In comparing the point-based Delta method to the simplified point-based Delta method we recommend the use of the simplified point-based Delta method (33) for applications. Inspection of Figs. 2 and 3 show that the simplified point-based Delta method was slightly closer to the HPS reference line than the other three variance estimation methods for sample sizes of n=25 or greater. In the case of n=10, the simplified point-based Delta method was generally about equally distant from the HPS reference line as point-based Delta method but tended to be a slight underestimate instead of an overestimate. In practical applications the majority of big BAF sampling plans will likely have samples sizes of n>10.

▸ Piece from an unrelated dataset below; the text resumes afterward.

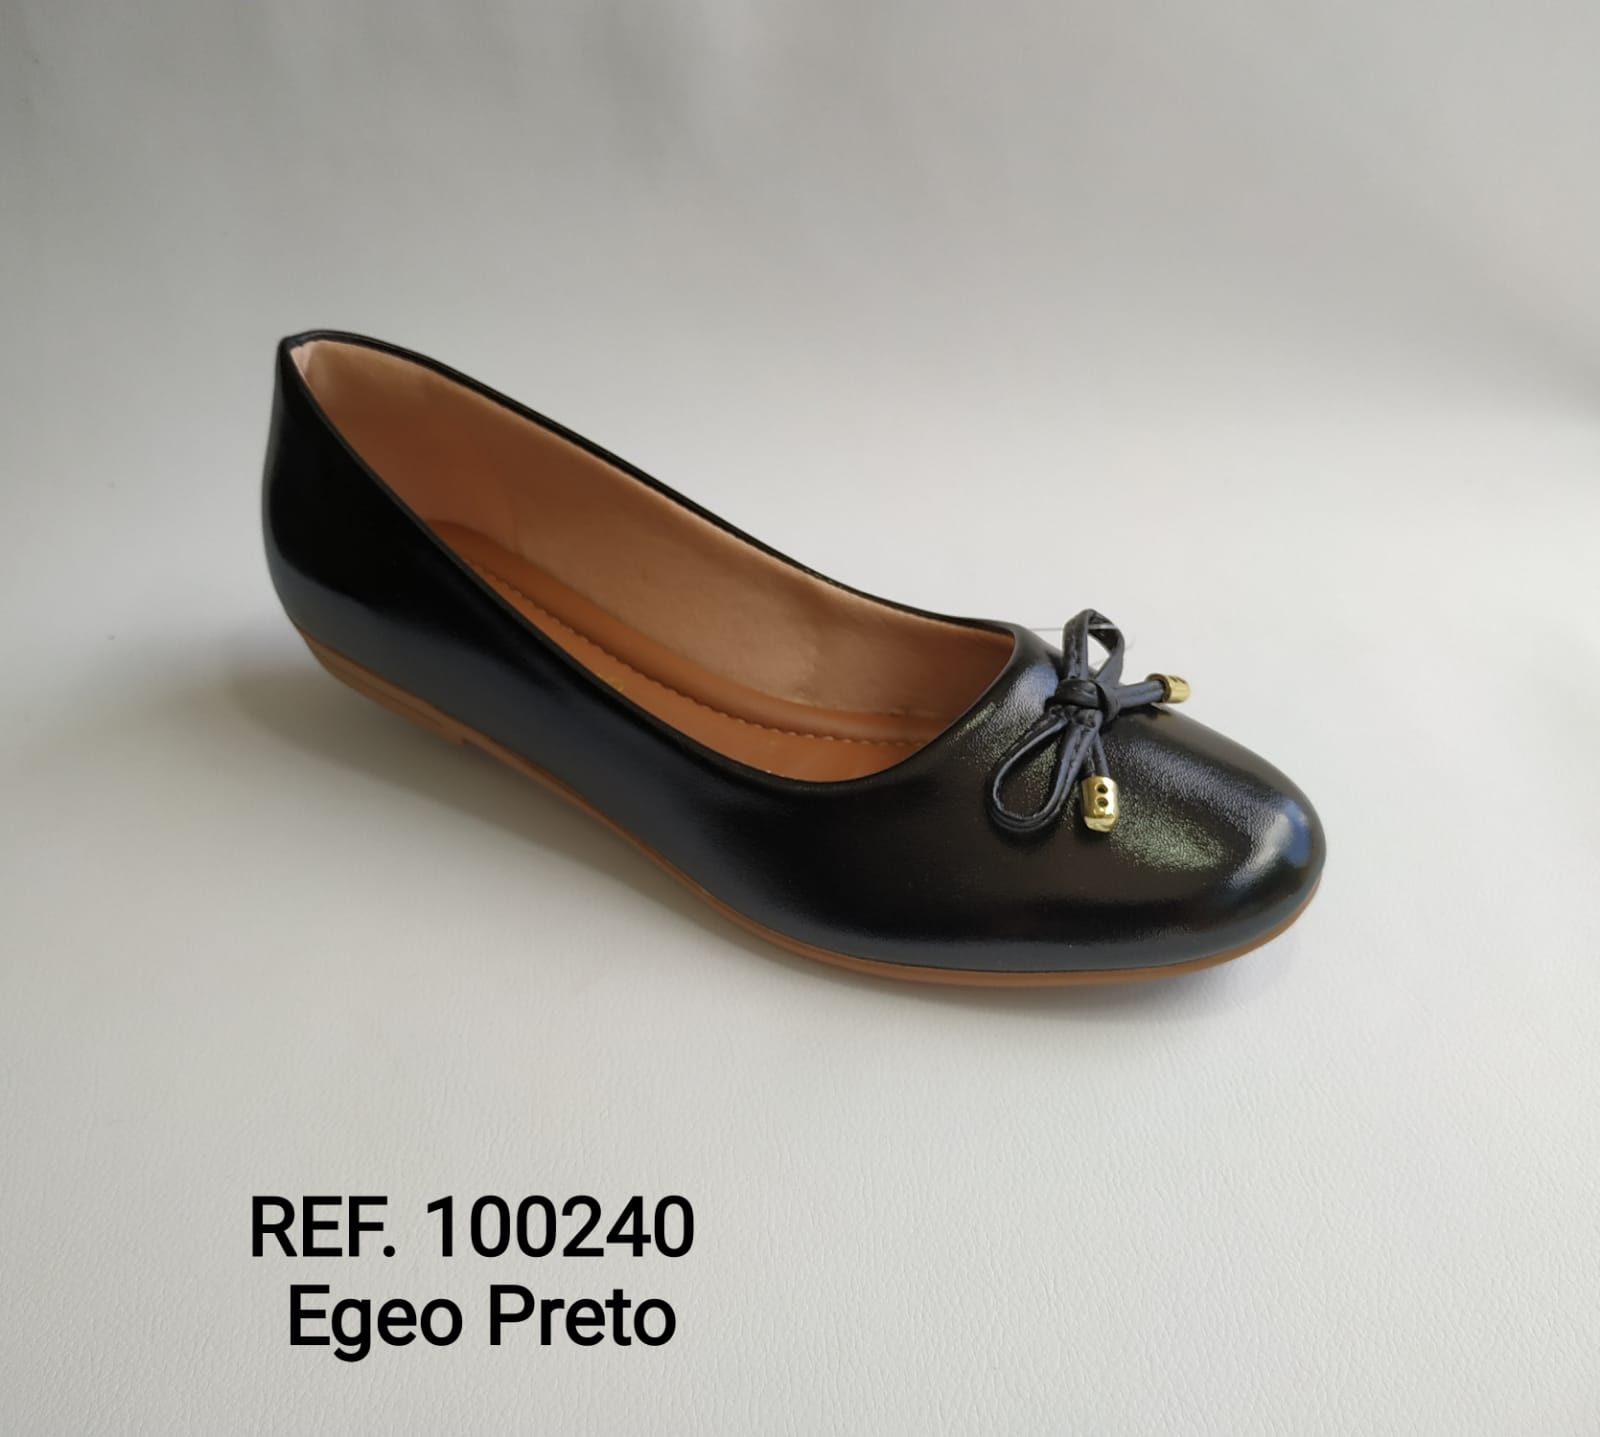 Ref. 100240 Egeo Preto

From a theoretical point of view the point-based Delta method should be preferred to Bruce’s method because Bruce’s method does not take into account possible correlations between the basal area estimate obtained from BAFc and the estimate of mean volume to basal area ratio. The point-based Delta method implicitly does this by accounting for the correlations between all basic basal area and volume estimates. In a very similar way Palley and Horwitz (1961, p. 60) used the Delta method to derive a “conceptually sounder” variance estimator that they recommend as an alternative to the Bell and Alexander (1957, p. 17) variance estimator for double sampling with a ratio estimate in the context of point sampling. The simplified point-based Delta method should be preferred to the point-based Delta method because the estimate of total basal area using BAFc is more precise than the estimate of basal area using BAFv and therefore a better estimate of the total basal area B for use in the variance approximation formula for the simplified point-based Delta method.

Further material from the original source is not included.